Confirmed Sessions for Data Day Texas 2018

Take advantage of our discount room block at the official conference hotel.
Use the following link to book your room:

We are just now beginning to announce the confirmed sessions. Check this page regularly for updates.

Next Generation Real Time Architectures

Karthik Ramasamy - Streamlio

Across diverse segments in industry, there has been a shift in focus from Big Data to Fast Data. This is driven by enterprises not only producing data in volume but also at high velocity. Many daily business operations depend on real-time insights and how enterprises react to those situations. In this talk, we will describe what constitutes a real time stack and how the stack is organized to provide an end to end real time experience. Next generation real time stack consists of Apache Pulsar, a messaging system, Heron, a distributed streaming engine and Apache BookKeeper that provides a fast streaming storage. We will delve into details of each of the systems and explain why these systems are better than the previous generation system.

Machine Learning: From The Lab To The Factory

John Akred - Silicon Valley Data Science

When data scientists are done building their models, there are questions to ask:
* How do the model results get to the hands of the decision makers or applications that benefit from this analysis?
* Can the model run automatically without issues and how does it recover from failure?
* What happens if the model becomes stale because it was trained on data that is no longer relevant?
* How do you deploy and manage new versions of that model without breaking downstream consumers?
This talk will illustrate the importance of these questions and provide a perspective on how to address them.

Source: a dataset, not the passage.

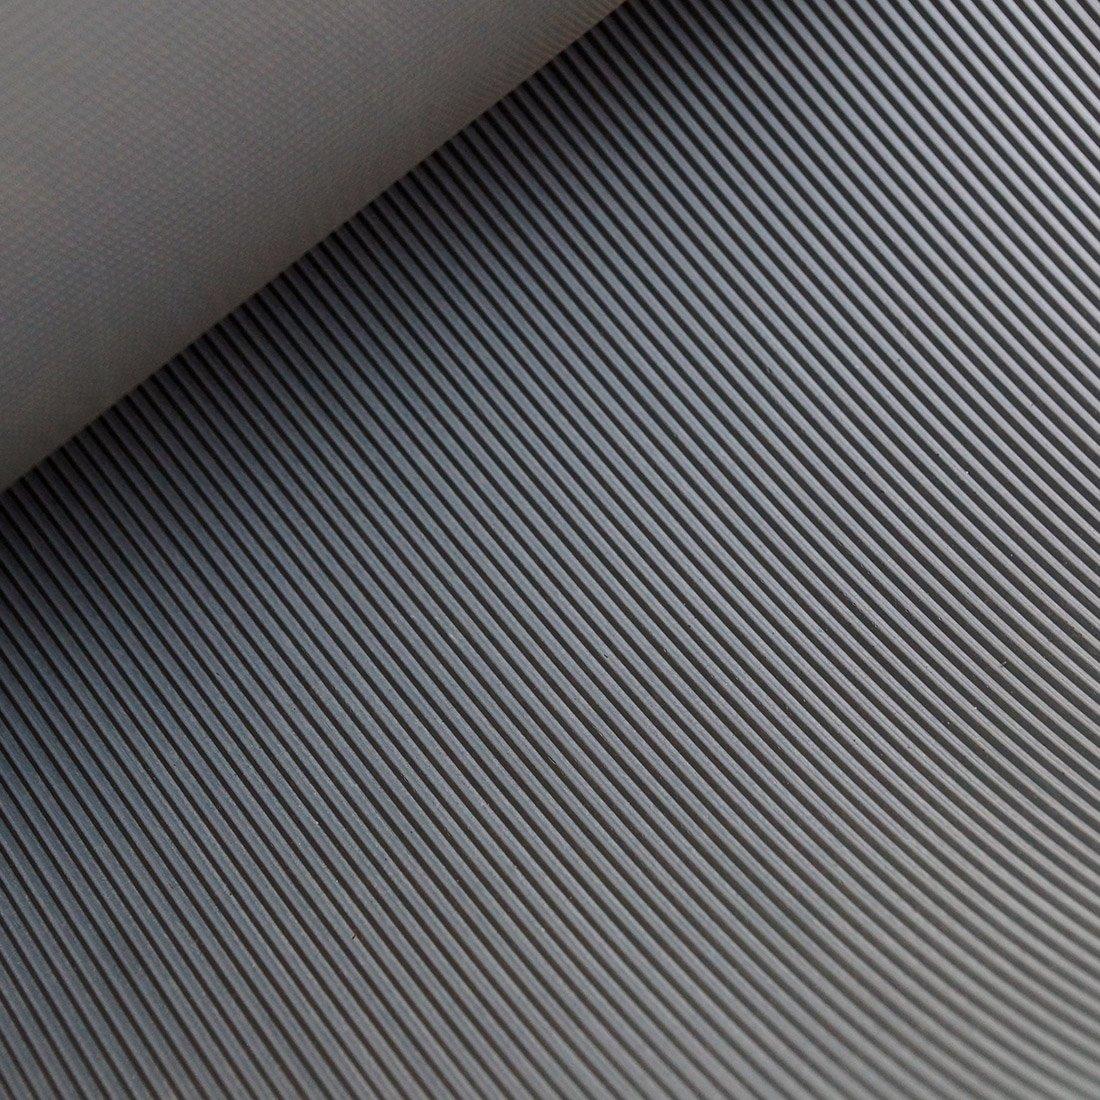 Gr/ö/ße + Farbe w/ählbar 4m/² 1,0 x 4,0m St/ärke: 3mm Farbe: Dunkelgrau Feinriefenmatte
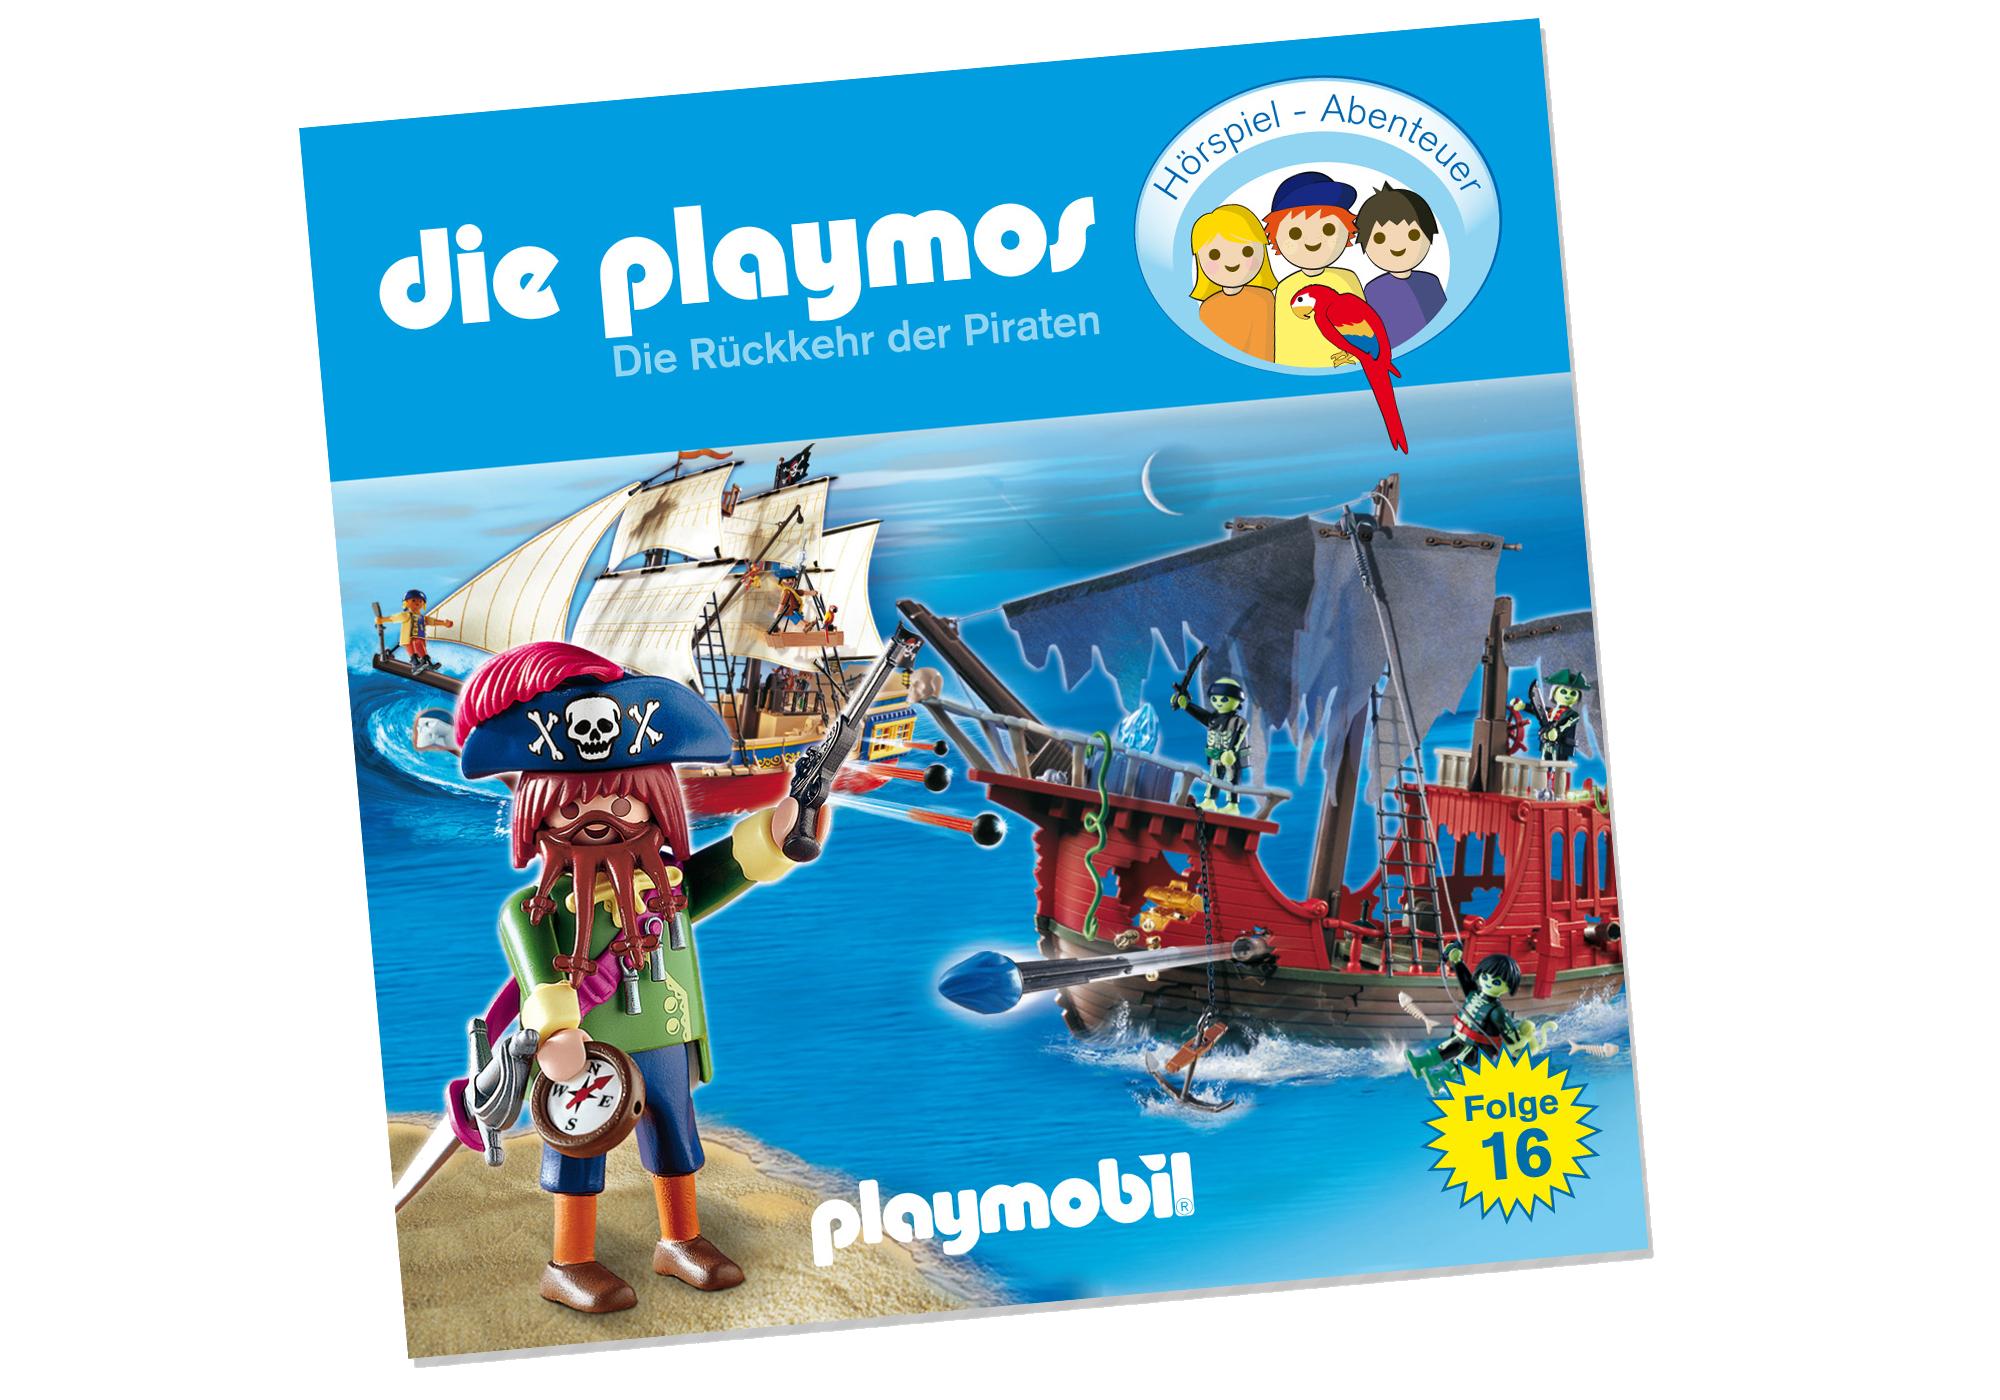 http://media.playmobil.com/i/playmobil/80262_product_detail

John will share experiences deploying models across many enterprises, some of the problems we encountered along the way, and what best practice is for running machine learning models in production.

Introduction to SparkR in AWS EMR (90 minute session)

Alex Engler - Urban Institute

This session is a hands-on tutorial on working in Spark through R and RStudio in AWS Elastic MapReduce (EMR). The demonstration will overview how to launch and access Spark clusters in EMR with R and RStudio installed. Participants will be able to launch their own clusters and run Spark code during an introduction to SparkR, including the SparklyR package, for data science applications. Theoretical concepts of Spark, such as the directed acyclic graph and lazy evaluation, as well as mathematical considerations of distributed methods will be interspersed throughout the training. Follow up materials on launching SparkR clusters and tutorials in SparkR will be provided.
Intended Audience: R users who are interested in a first foray into distributed cloud computing for the analysis of massive datasets. No big data, dev ops, or Spark experience is required.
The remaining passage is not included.